Wrongfully convicted New Brunswick man dies months after his acquittal

FREDERICTON – A New Brunswick man who spent decades fighting a wrongful murder conviction that landed him and a friend behind bars had just a few months to savor his victory, the organization helping in his legal battle said Saturday when she announced his death.

Innocence Canada, which led the legal battle to clear Walter Gillespie and his friend Robert Mailman of their 1984 murder convictions, said Gillespie died Friday at the age of 80 at his home in Saint John, N.B.

Founder and director James Lockyer lamented the fact that Gillespie had so little time to enjoy the fruits of his decades-long struggle.

“It’s very sad,” Lockyer said. ‘I’m just glad he managed to clear his name before he died. That was so important to him.’

Details about Gillespie’s cause of death were not immediately known.

In January, New Brunswick Court of King’s Bench Chief Justice Tracey DeWare acquitted Gillespie and Mailman, 76, of the 1983 murder of Saint John resident George Leeman and apologized for the “miscarriage of justice.”

Her ruling came after federal Justice Minister Arif Virani ordered a retrial on December 22. He said evidence had emerged that called into question “the overall fairness of the trial.”

Ron Dalton, now co-president of Innocence Canada, took up the men’s cause as he fought for freedom from his own wrongful conviction.

He called Gillespie a “study in strength of character and friendship.”

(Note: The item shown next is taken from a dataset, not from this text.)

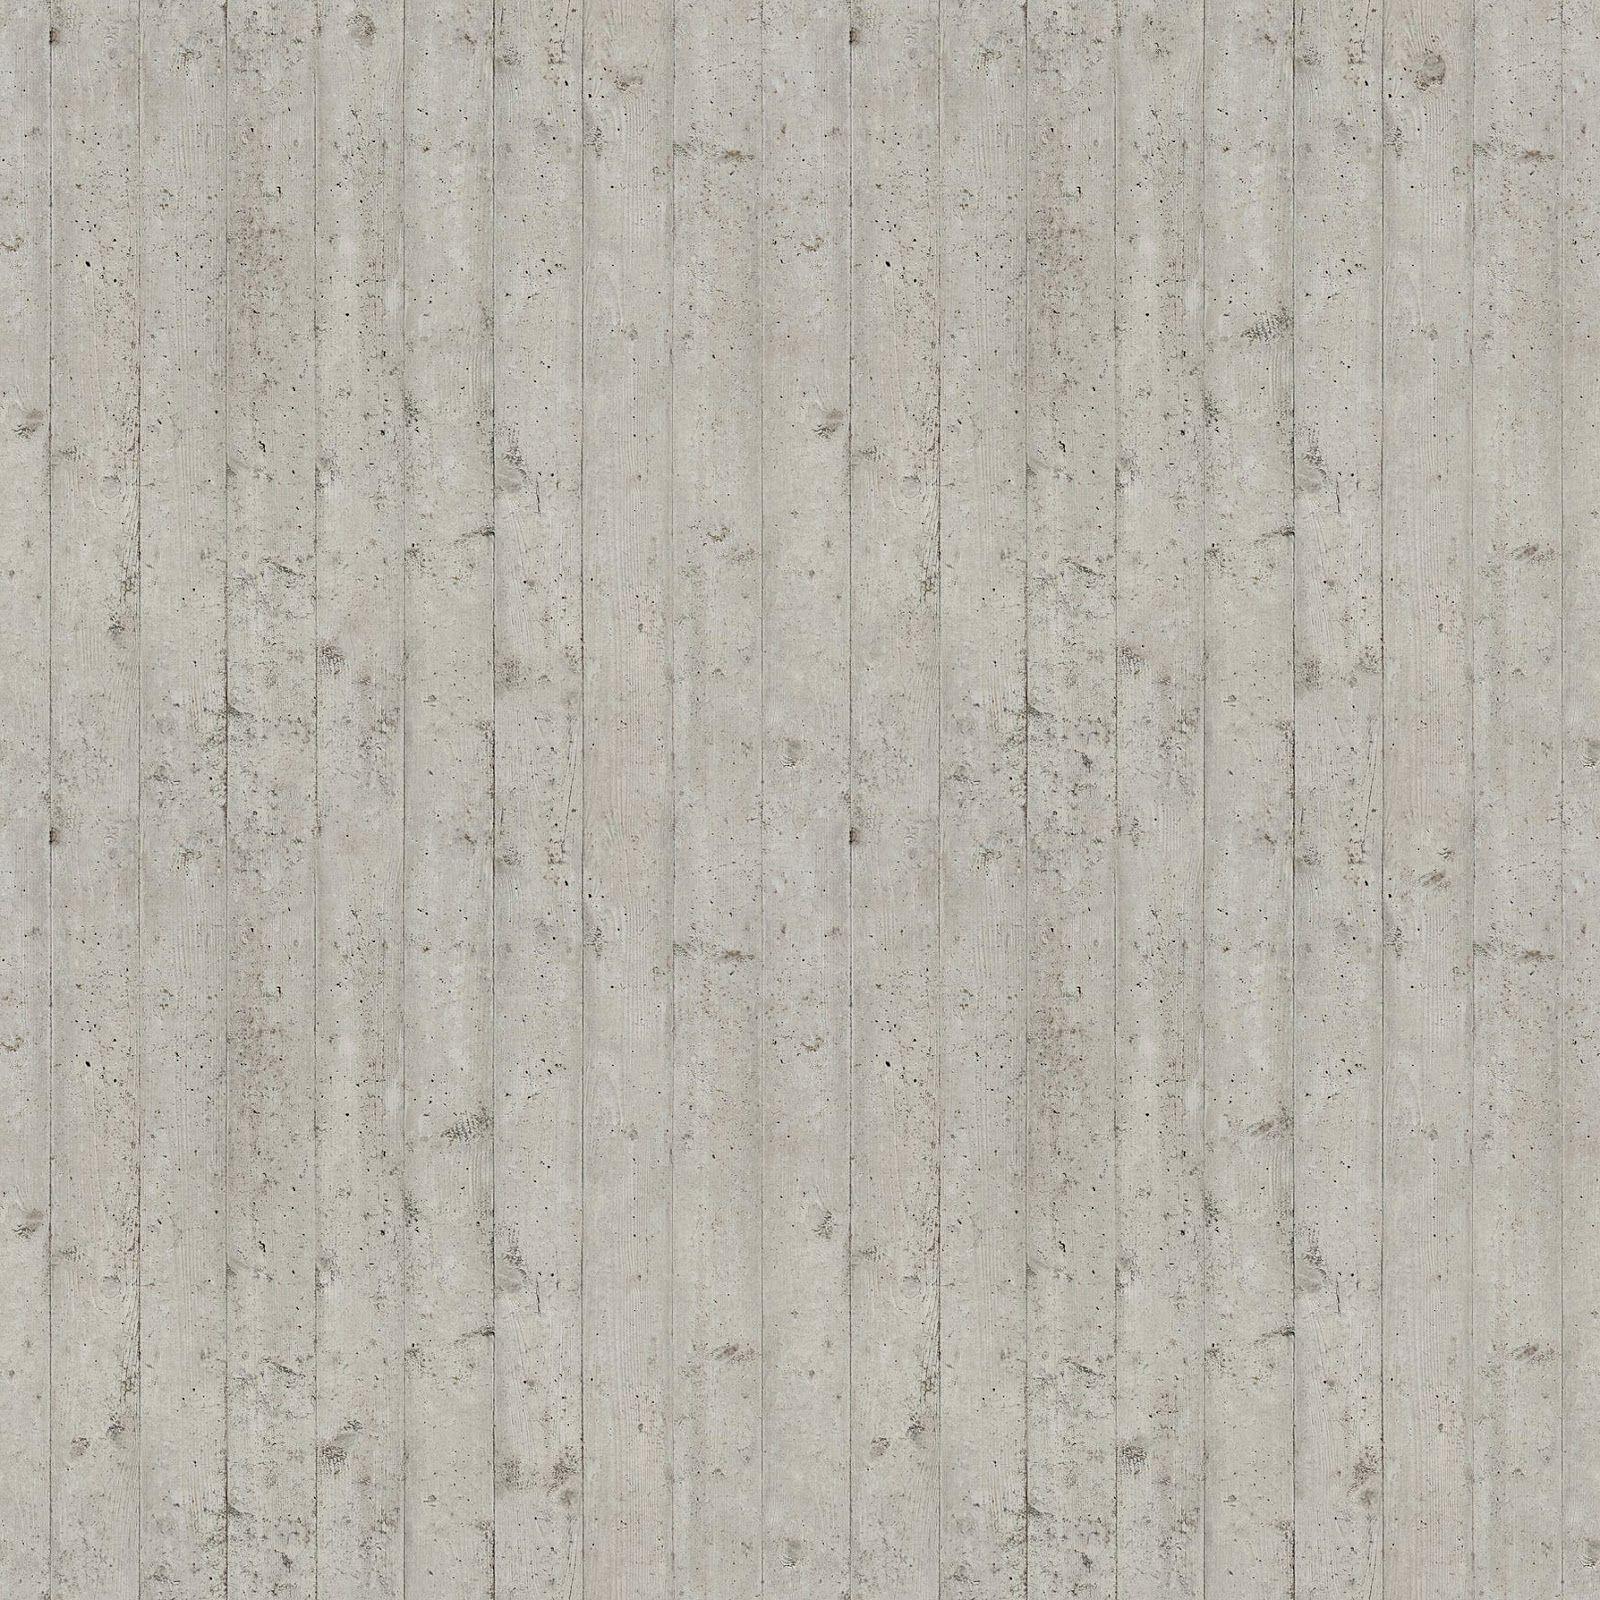 Seamless Concrete Boards Shuttering Texture Maps Texture Texture Mapping Concrete Texture

“For forty years, Gillespie refused to falsely implicate his friend, Robert Mailman, and paid dearly with his freedom,” Dalton said. “A sad end to a difficult but honorable life.”

In an interview in January, about a week after he was formally exonerated, Gillespie talked about the offer of freedom that dangled before him a year after Leeman’s murder.

He said Saint John police told him that if he signed a statement against Mailman, he would be charged with aiding and abetting and receive only three years in prison.

“I said I wasn’t going to do that,” he said. “(The officer) said, ‘If you’re going to protect (Postman), you’re going with him.’”

He spent 21 years in prison.

Gillespie was born on August 31, 1943 in Saint John and had a Grade 6 education. Most of his immediate family died in a house fire when he was about twenty.

His friendship with Mailman predated their shared legal ordeal. The men previously told The Canadian Press they met in 1961, with Gillespie joking that Mailman was checking out his then-girlfriend during one of their first encounters.

They became inseparable after their wrongful convictions and spoke to each other every day for decades.

“We’ve been connected through this for over 40 years. And he’s like a brother,” Mailman said of his friend.

Mailman could not be reached for comment on Gillespie’s death on Saturday, but said through Dalton that he had not been able to sleep well after hearing the news.

In an earlier interview, Mailman described the friend he called Wally as a man of few words.

“You never bother a sleeping junkyard dog,” he said, laughing.

Gillespie leaves behind a daughter with whom he has only recently reconnected.

“We haven’t been in contact for almost 40 years,” he said shortly after his name was cleared. “…I hope I can help her if we can get some money or something like that. I’ve been talking to her a lot these past few days. Oh, it feels great.”

The New Brunswick government reached a settlement with the two men on March 1 for an undisclosed amount.

While on parole, Gillespie lived in a halfway house, where he also worked 15 hours a week as a cleaner.

After being found innocent, he moved into an apartment in Saint John, paying $800 a month. The former hotel room that he described as a prison cell was cramped even with his minimal belongings, brightened only by his own colorful paintings and the set of white towels and a white tea kettle the postman gave him as a housewarming gift.

“Wally shouldn’t have to get out of prison… and go to a halfway house for all those years, only to go to a place worse than what he left behind,” Mailman said of his friend’s spartan quarters.

When Mailman was diagnosed with terminal cancer last November, Gillespie was the first person he called.

Gillespie left the shelter for the day and spent it with his friend when he learned of the life-changing diagnosis.

In addition to his quiet conviction and strong character, Dalton recalled Gillespie’s love of American author Zane Gray’s westerns and his voracious reading habits. He also remembered Gillespie’s ostentatious fashion sense, noting his penchant for bright colors and the black patent leather shoes that he saved for a special occasion and that he eventually wore to court on the day his name was cleared.

But he said Gillespie’s most lasting impact comes from his efforts to uphold justice in Canada’s correctional system.

“Mr. Gillespie helped raise awareness of wrongful convictions in this country and that will be part of his legacy.”